L Steve Hillage Atlantic SD 18205 Released: January 1977 Chart Peak: #130 Weeks Charted: 9 This album recently made Steve Hillage Britain's newest guitar hero. Hillage labored for years in blissful obscurity with Gong, one of the strangest appendages of the innately bizarre body of British space-rock groups. Despite the interest of such musicians in "free jazz," a noted observer once remarked: "Whatever this stuff is -- it ain't jazz-rock." Specifically, it is psychedelic program music, inspired by mind-expansion drugs and meant to be experienced while under their influence.

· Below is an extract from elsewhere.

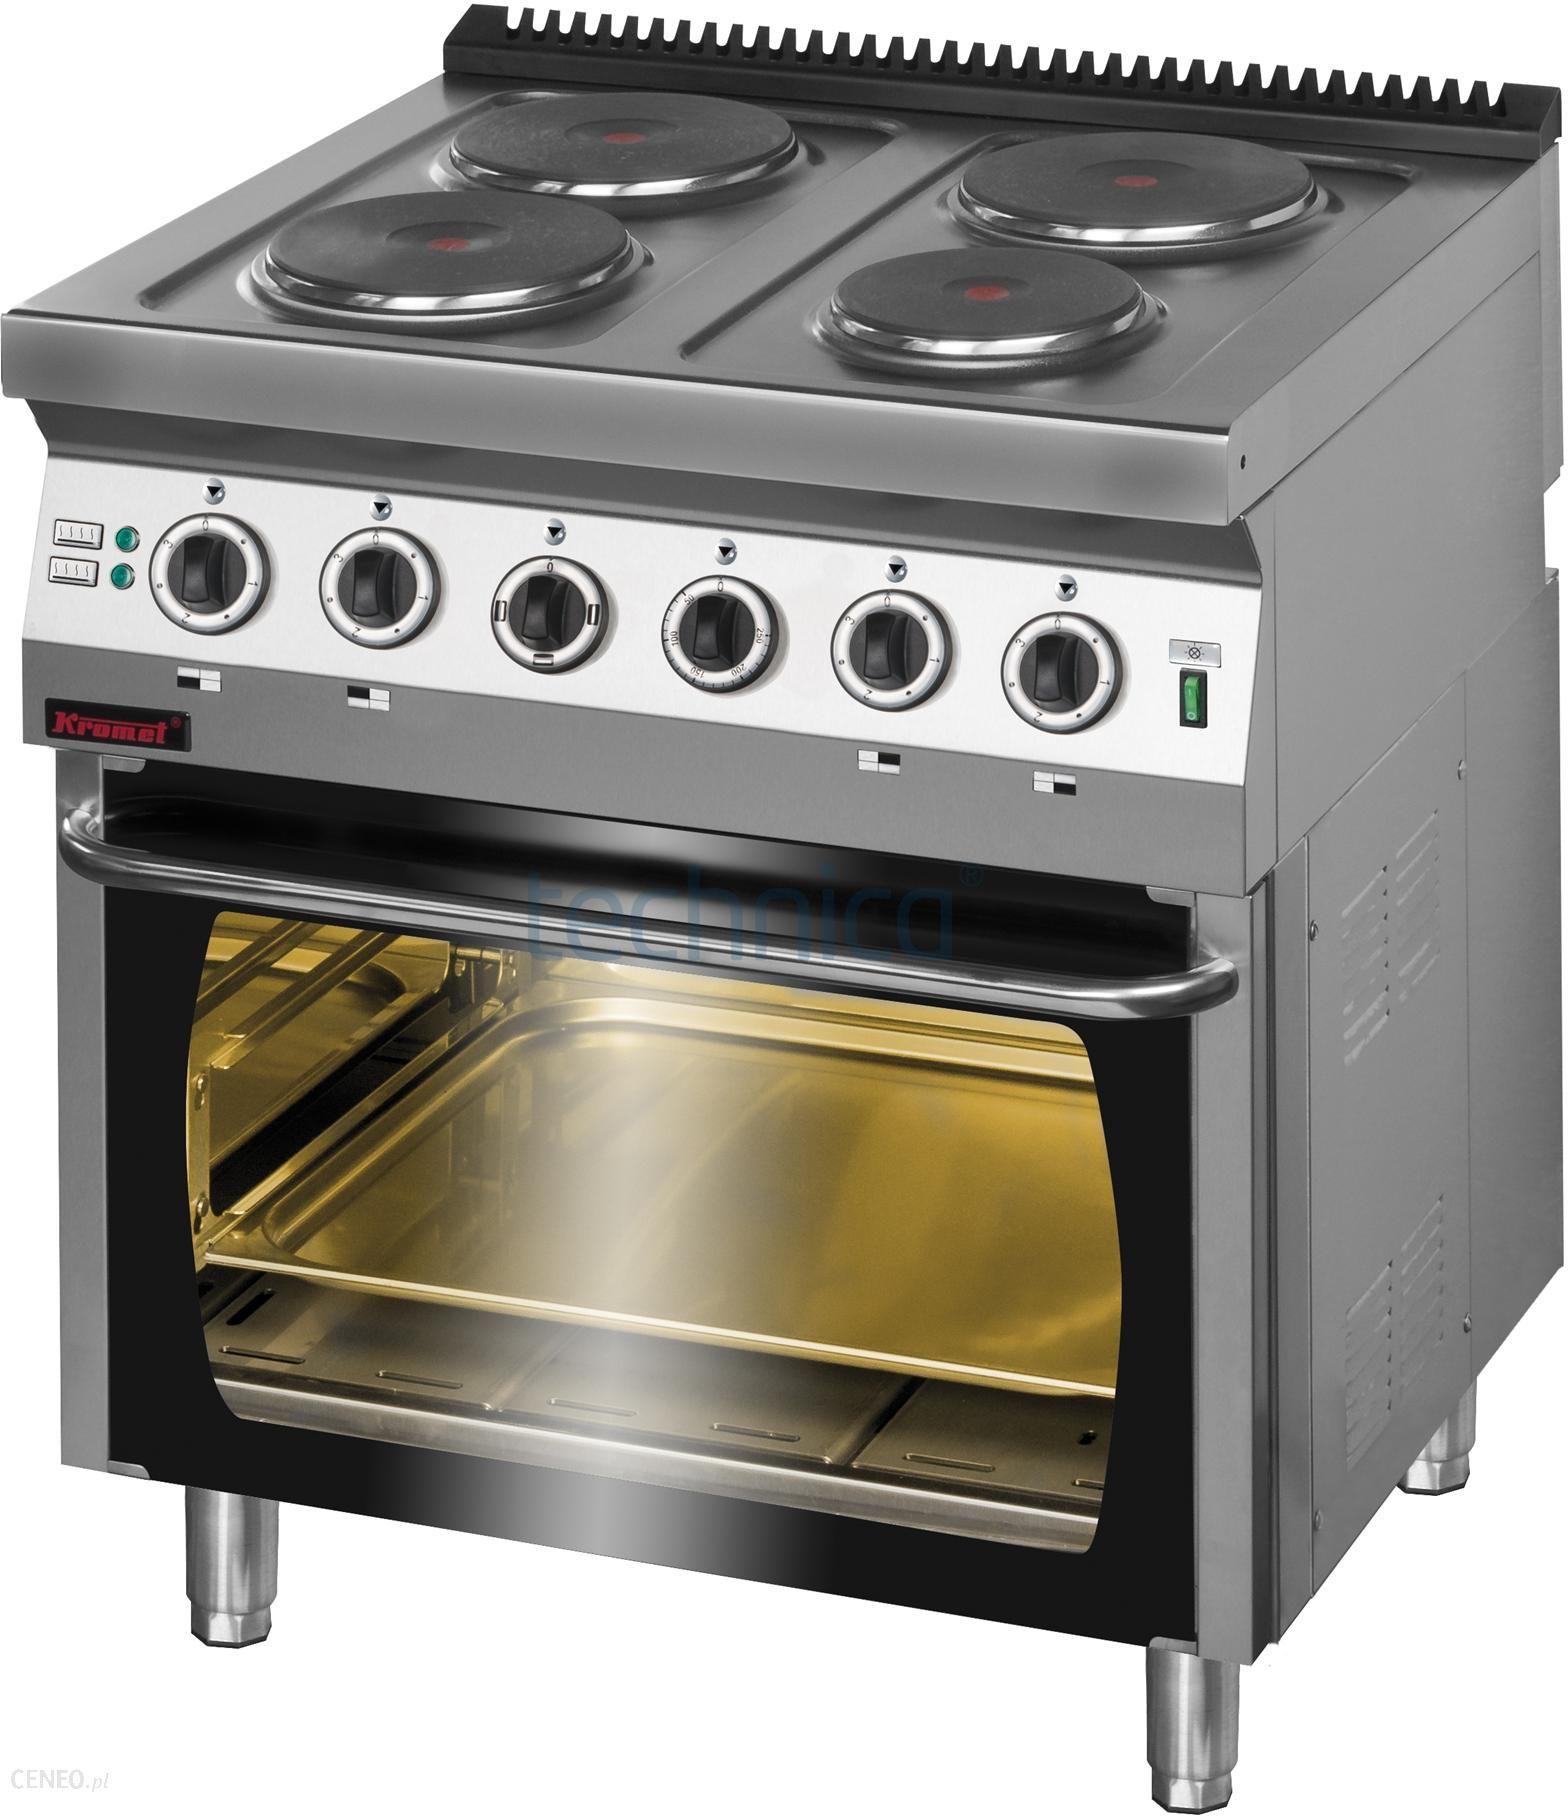 Kromet Kuchnia Elektryczna 4 Palnikowa Z Piekarnikiem Elektrycznym 700 Ke 4 Pe 2 Ceny I Opinie Ceneo Pl

L moves away from the amphibious exoticism of Hillage's first post-Gong experiment, Fish Rising, into more conventional territory. Accordingly, two late-Sixties period pieces frame the album; Donovan's "Hurdy Gurdy Man" and the Beatles' "It's All Too Much." The arrangements aren't changed so much as dismissed; Hillage sings a throwaway vocal, then gets down to some fierce guitaring.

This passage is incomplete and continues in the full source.